Problem of finding the minimum distance from a point to the complement of a convex set is a non-convex problem. Its solution set (the set of all projections) is not a singleton in general. There have been some algorithms for finding the projection onto a convex set. But in the reverse convex case, such as, projection onto the complement of an Ellipsoid, I don't know any algorithm to find a point in the set of projections.
This is a good question with lots of possible answers.
A good place to start in looking for an answer to this question is
See Section 2, starting on page 3, for the mathematical framework (the intersection of convex sets' complements are introduced in Remark 2.2). Projections onto closed convex cones are introduced in Section 1, page 3.
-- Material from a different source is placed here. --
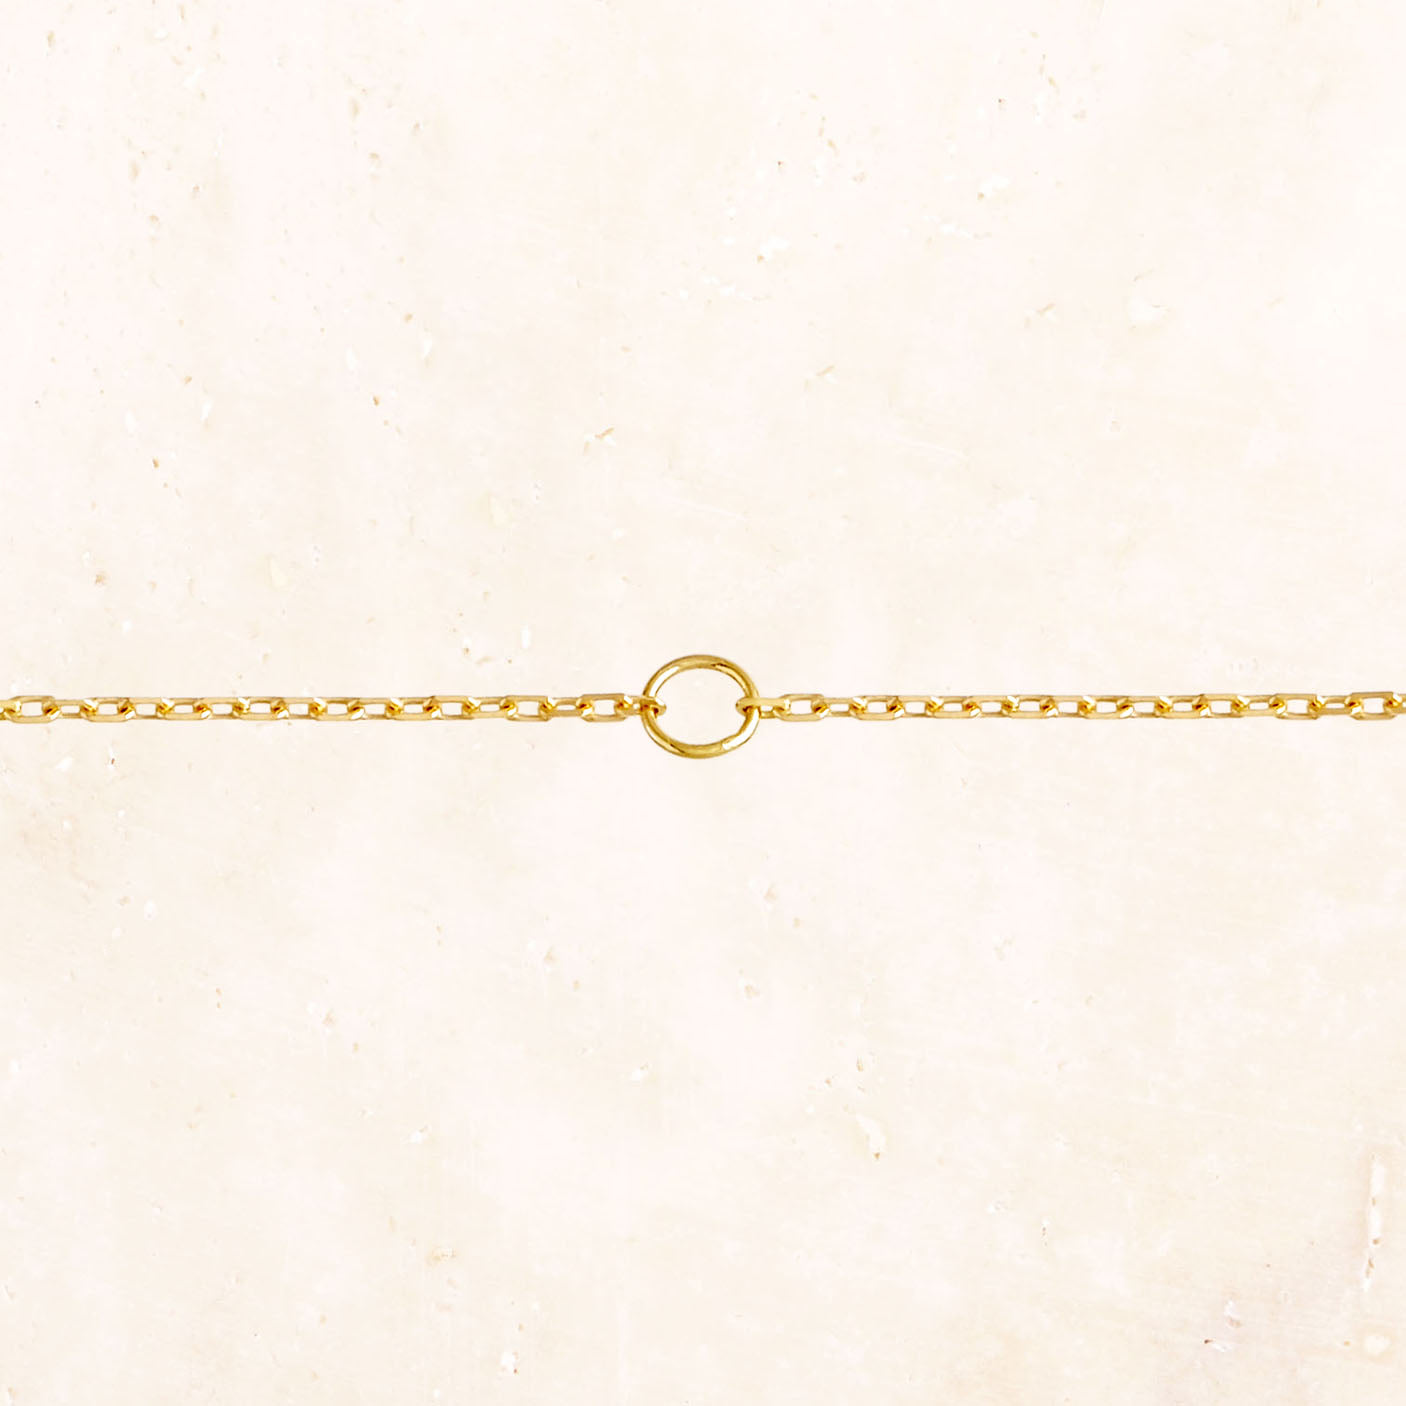 10K Gold Chain Necklace 45cm

The boundary of a convex set and boundary of the complement of a convex set are considered relative to projections in
U. Eckhardt, W. Scherl, Z. Yu, Representation of plane curves by means of descriptors in Hough space:
http://www.math.uni-hamburg.de/home/eckhardt/HOUGH.pdf
See Chapter 9 (Reconstructon), starting on page 20.
A strange as it may seem, a good place to look in considering this question is in the projection onto coconvex (complement of a convex set) in terms of sequences of automorphisms. This is done in
K.-U. Bux, Finiteness properties of soluble arithmetic groups over global function fields, Geometry and Topology 8, 2004, 611-644:
http://msp.org/gt/2004/8-2/gt-v8-n2-p04-p.pdf
See Chapter 6 (The Moufang Property), starting on page 628.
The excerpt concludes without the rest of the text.